Task data:

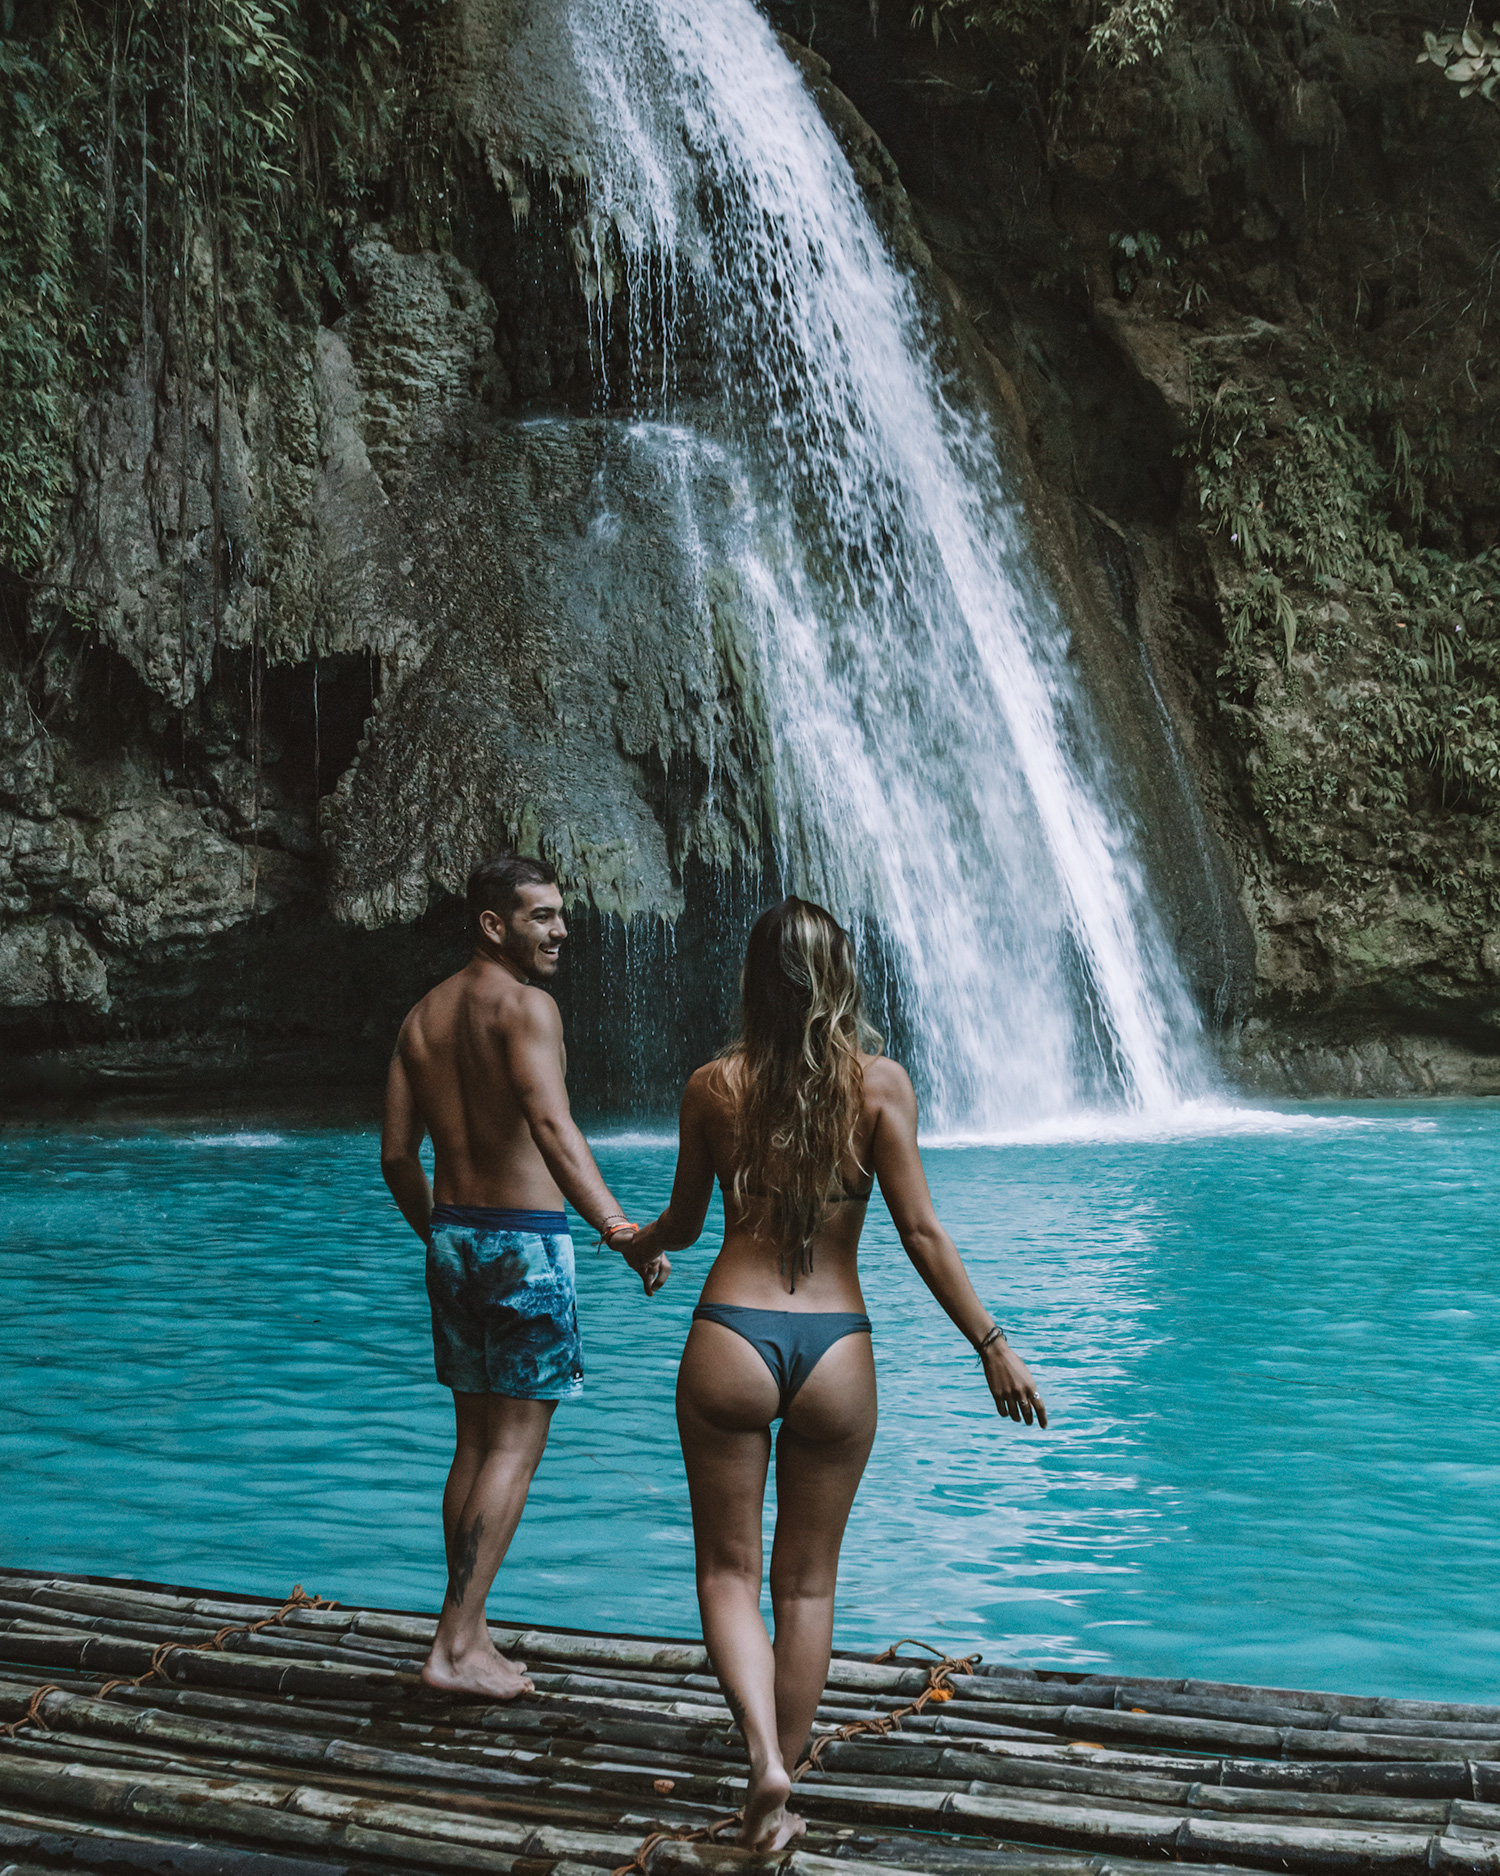 cebu waterfall guide cebu philippines couple kawasan falls asia travel guide
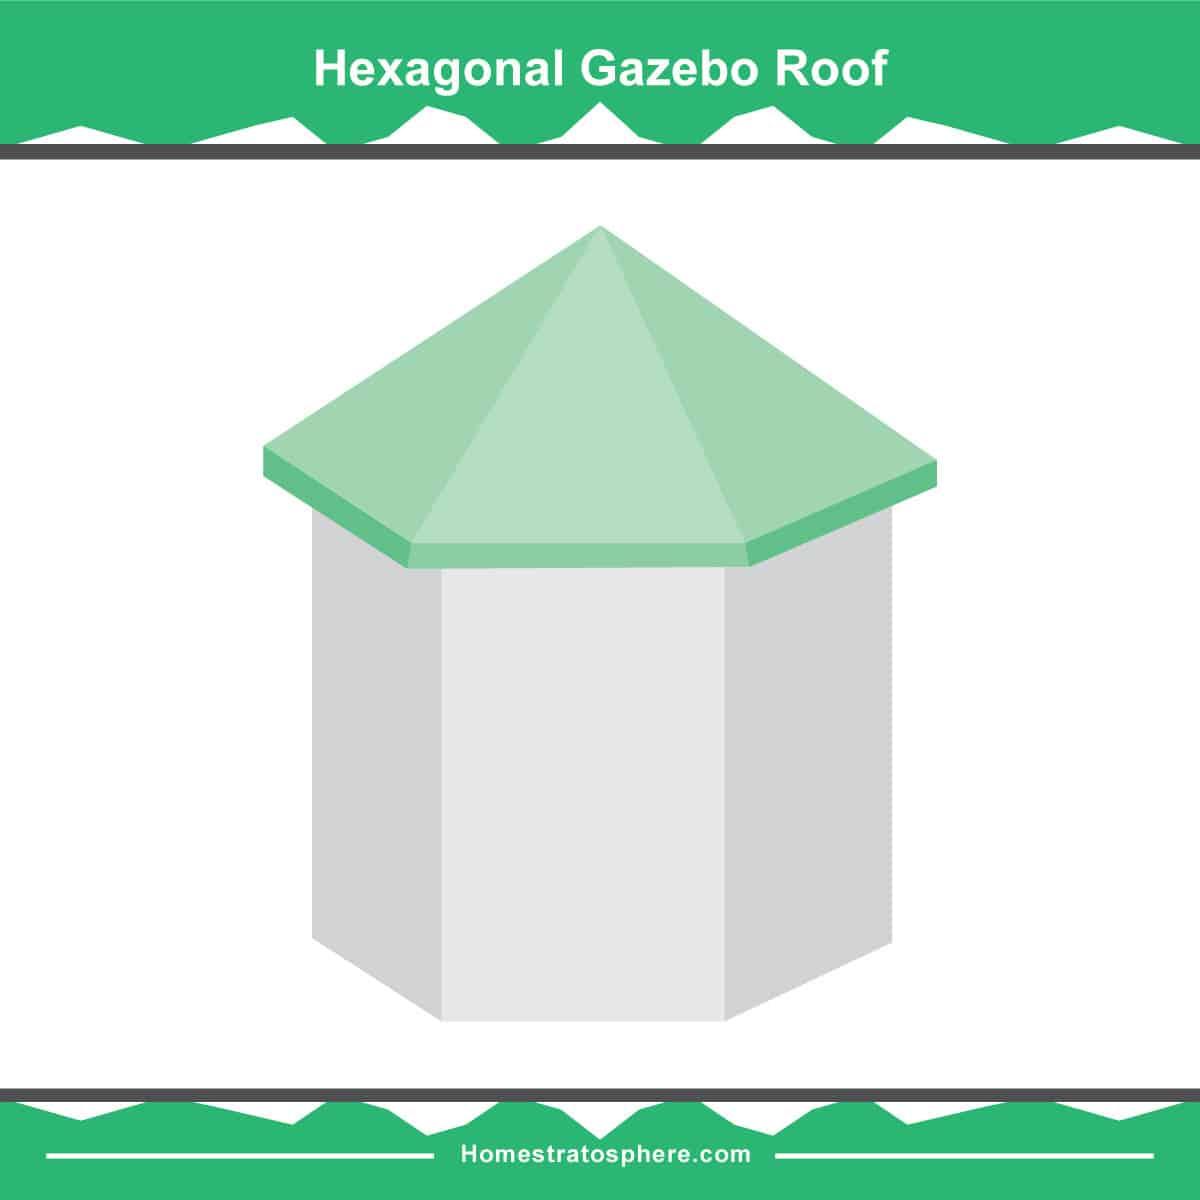 Hexagonal gazebo roof diagram
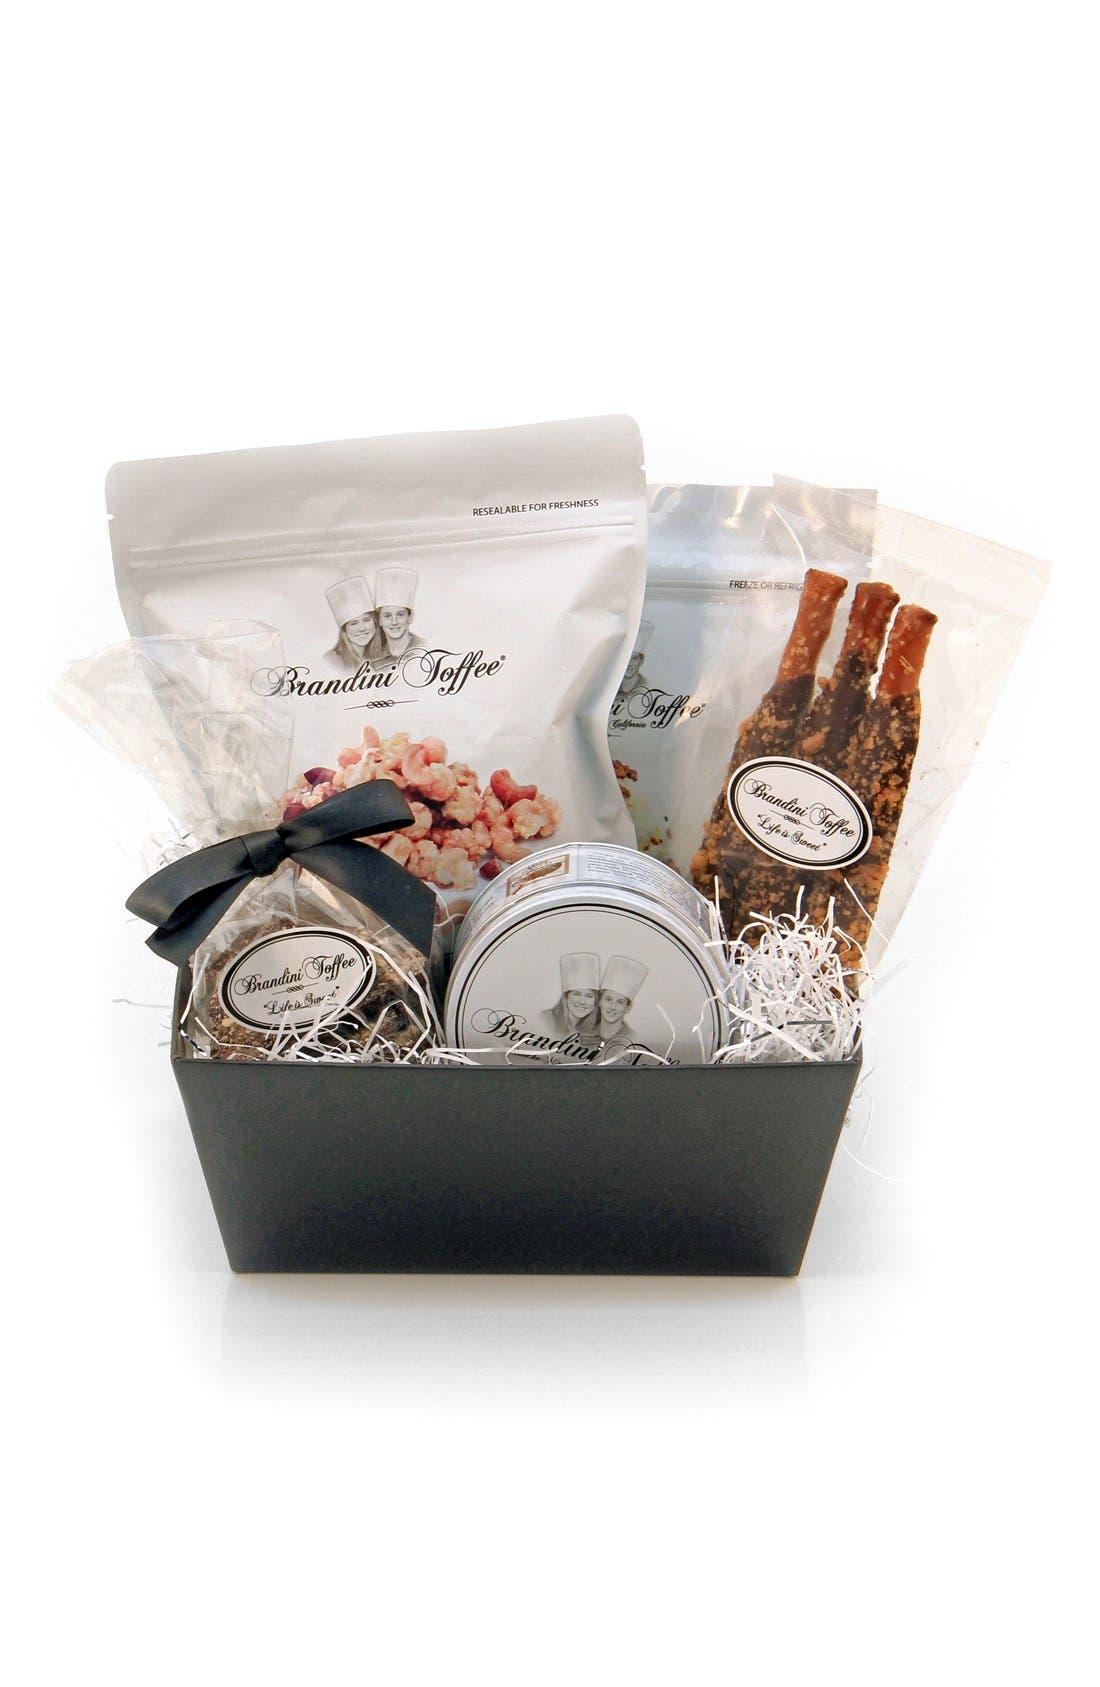 Brandini Toffee Small Gift Basket
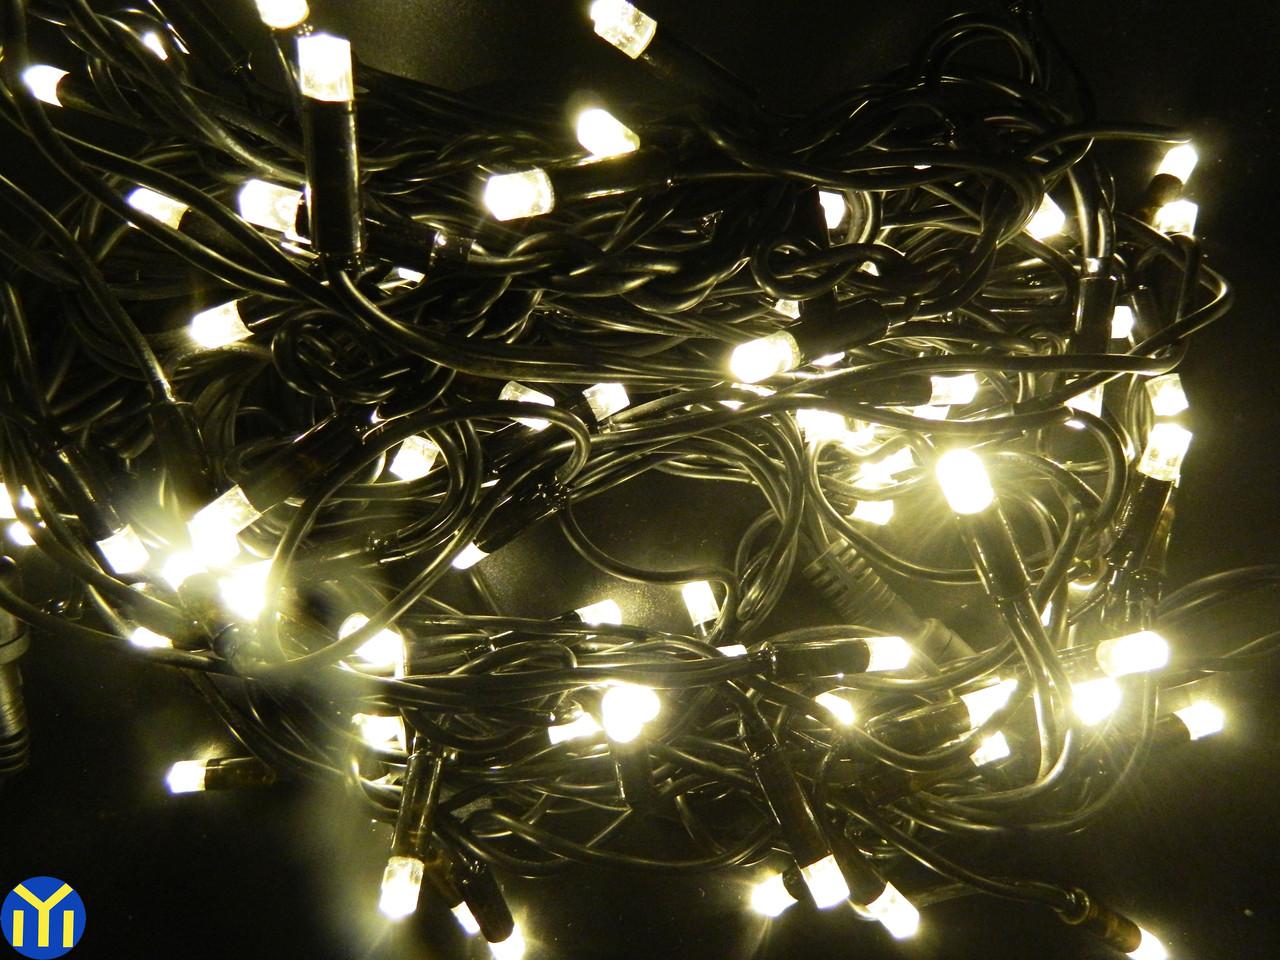 Гирлянда светодиодная Бахрома 80 LED, уличная 3м.  тепло-желтая
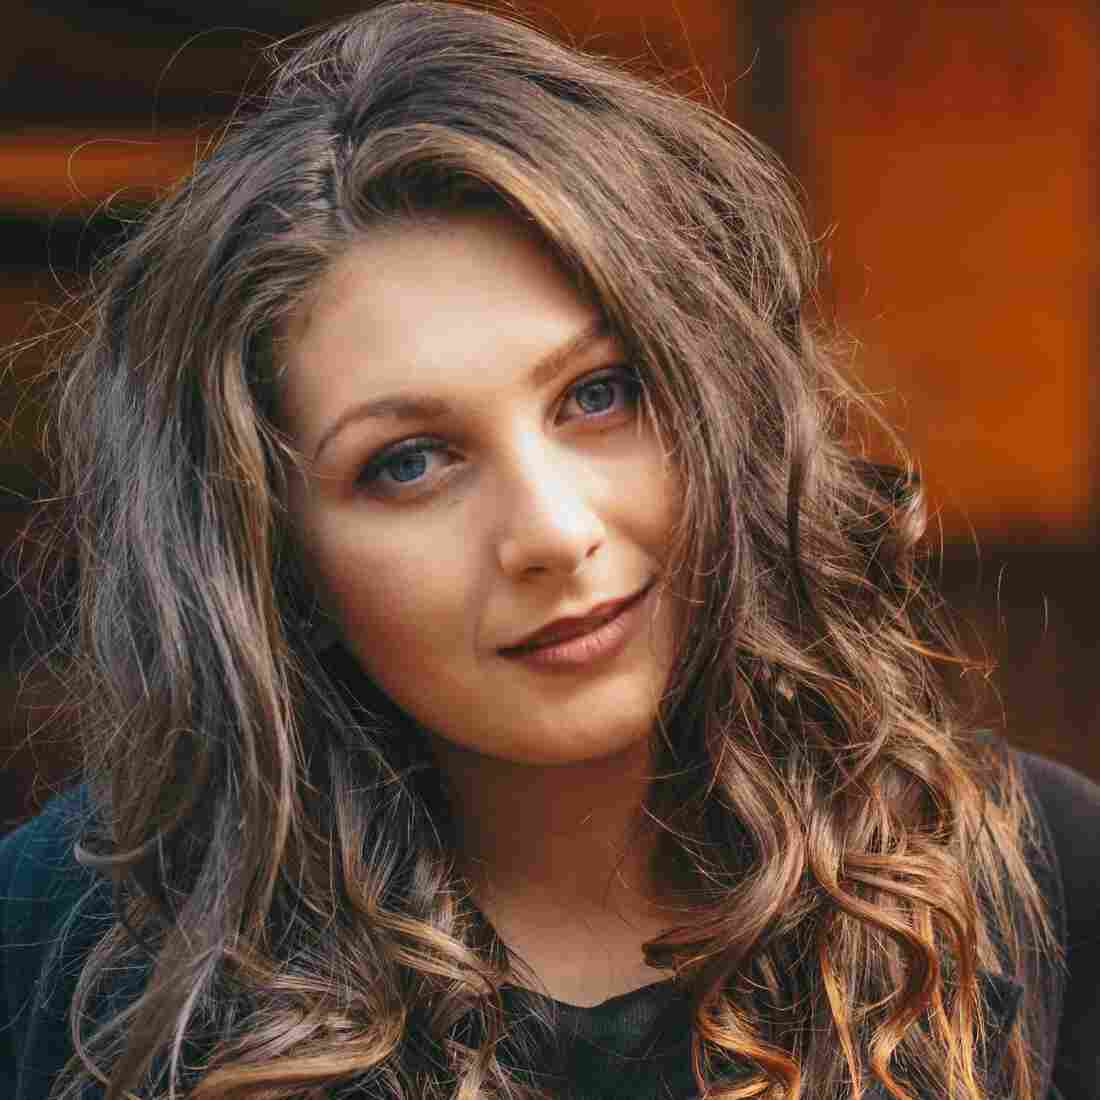 Rachael Fahim will perform at SXSW 2019.

Task details: From the line containing "Brandini Toffee Small Gift Basket" down to the final line of the listing above, write out only those lines exactly as they are, minus the pictures.

Result below:
 Brandini Toffee Small Gift Basket
 Гирлянда светодиодная Бахрома 80 LED, уличная 3м.  тепло-желтая
 Rachael Fahim will perform at SXSW 2019.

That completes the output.